Newly developed SYBR Green-based quantitative real-time PCRs revealed coinfection evidence of Angiostrongylus cantonensis and A. malaysiensis in Achatina fulica existing in Bangkok Metropolitan, Thailand.

Angiostrongylus cantonensis is a well-known pathogen causing eosinophilic meningitis associated with angiostrongyliasis. Humans, as accidental hosts, are infected by consuming undercooked snails containing third-stage larvae. A. malaysiensis is closely related to A. cantonensis and has been described as a potential human pathogen.

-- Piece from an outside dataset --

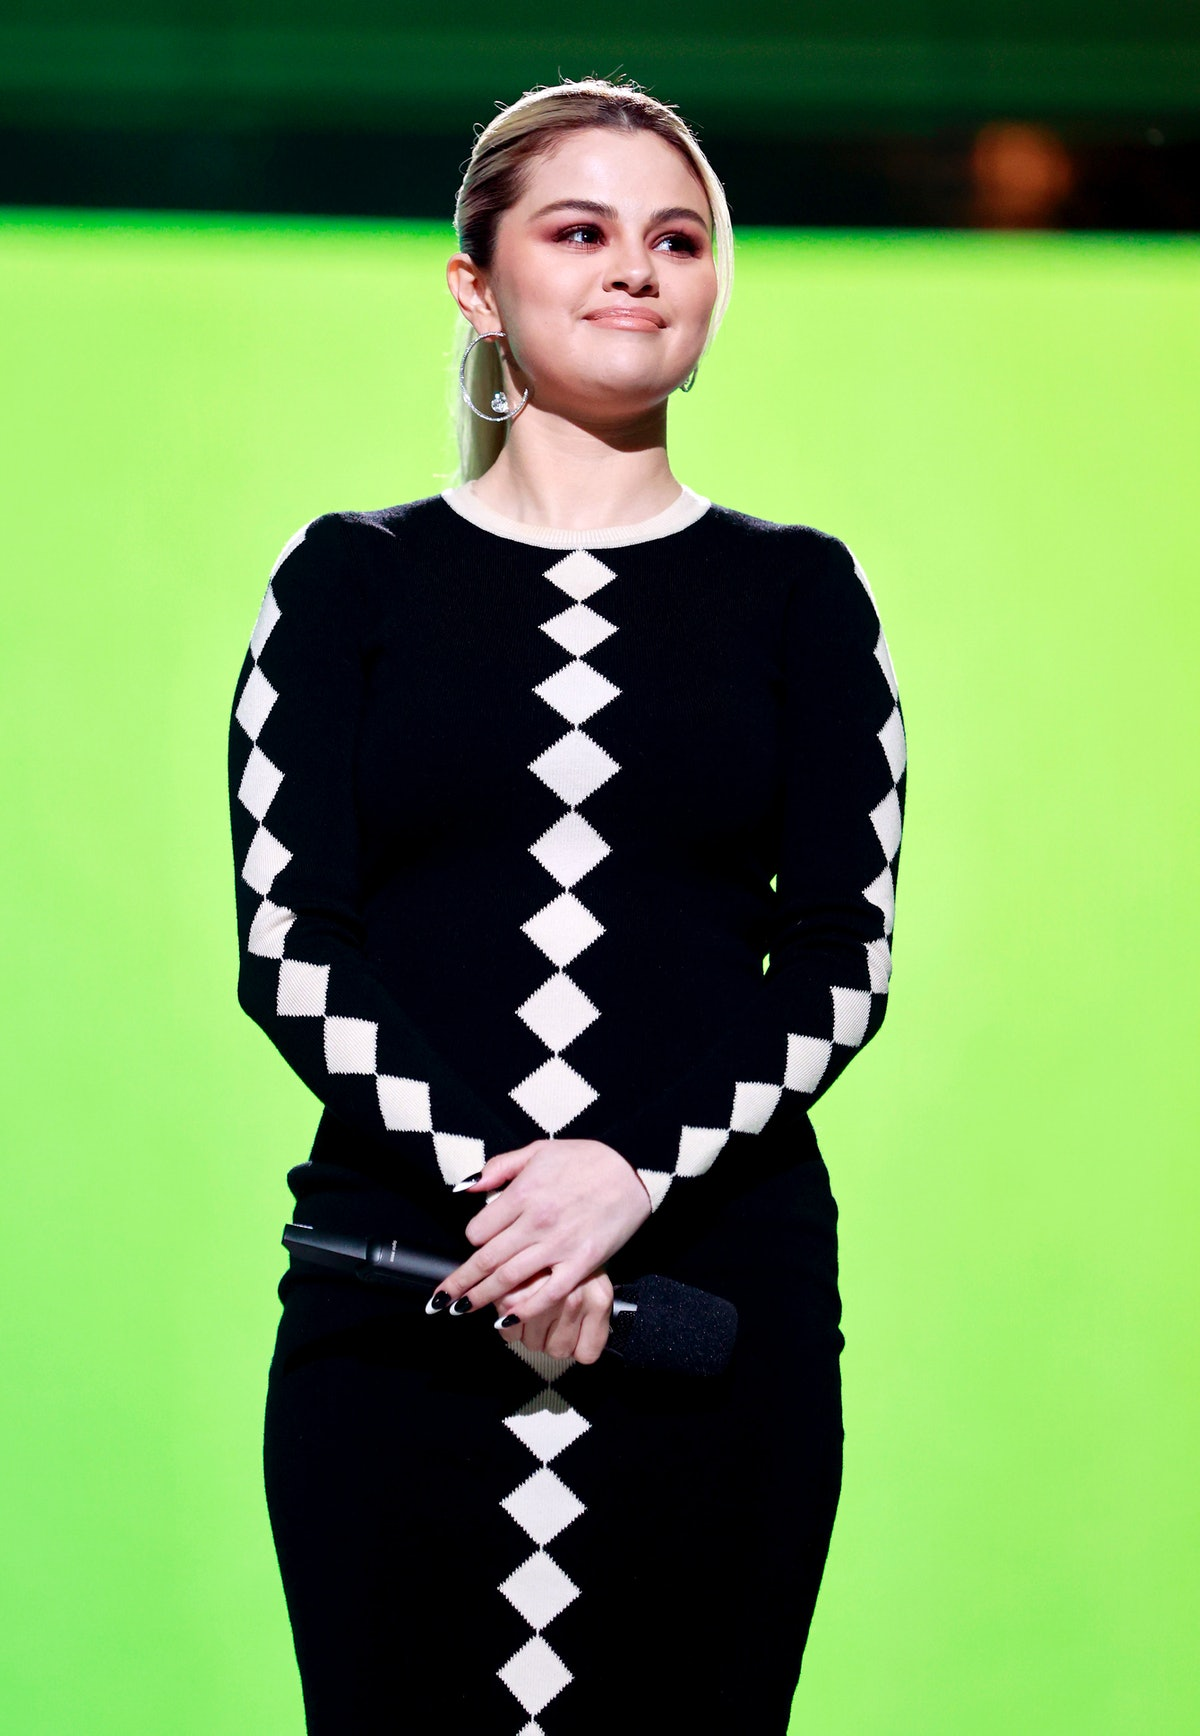 INGLEWOOD, CALIFORNIA: In this image released on May 2, Selena Gomez speaks onstage during Global Ci...
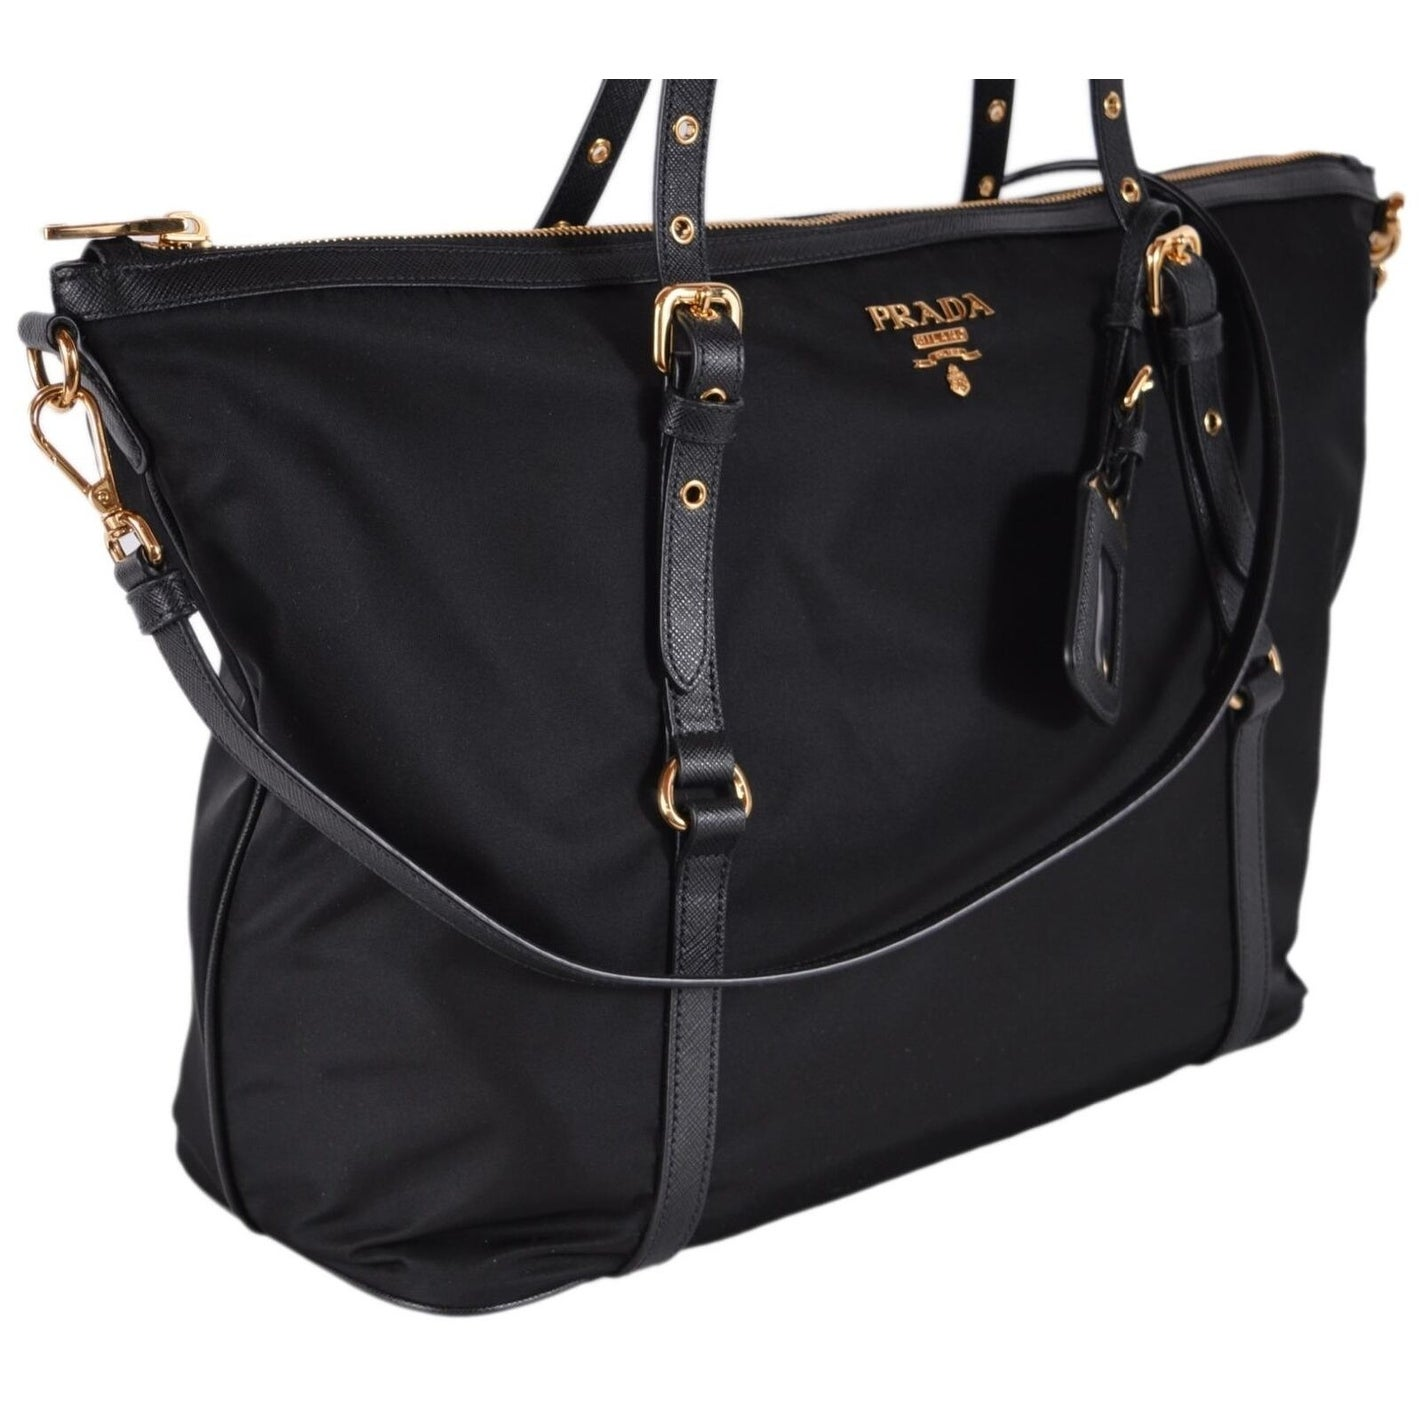 cf1e0601983f Shop Prada 1BG253 Black Tessuto Nylon Large Zip Top 2-Way Purse Shopper  Handbag - Free Shipping Today - Overstock - 26885888

The two species distribution was recently reported to overlap in the same endemic area, particularly in the Indochina Peninsula. Similar morphological characteristics of the third-stage larva in the snail-intermediate host often lead to misidentification of the two species. Thus, we aimed to develop a sensitive and specific method to detect and discriminate Angiostrongylus third-stage larva by designing species-specific primers based on the mitochondrial cytochrome b gene. We developed the SYBR Green quantitative real-time PCR (qPCR) method for two species-specific detection assays, which could be conducted simultaneously. The method was subsequently employed to detect and identify third-stage larvae of Angiostrongylus isolated from infected Achatina fulica collected from six public parks in Bangkok Metropolitan, Thailand. The method was also a preliminary applied to detect parasite tissue debris in the patients' cerebrospinal fluid (CSF). SYBR Green qPCRs quantitatively detected approximately 10-4 ng of genomic DNA from one larva, facilitating species-specific detection. Based on the pools of third-stage larvae isolated individually from the tissue of each infected A. fulica collected from the public parks, the qPCR results revealed that A. malaysiensis was the predominant species infecting 5.26% of the collected snails. In comparison, coinfection between A. malaysiensis and A. cantonensis was 5.97%, and no single infection of A. cantonensis was detected in A. fulica. Our SYBR Green qPCR method is a useful and inexpensive technique for A. cantonensis and A. malaysiensis discrimination, and the method has sufficient sensitivity to detect isolated larvae from a snail-intermediate host. The ratio of A. cantonensis and A. malaysiensis larvae infecting the snails can also be estimated simultaneously. Our qPCRs can be employed in a molecular survey of A. cantonensis and A. malaysiensis within intermediate hosts and for clinical diagnosis of angiostrongyliasis with CSF specimens in future studies.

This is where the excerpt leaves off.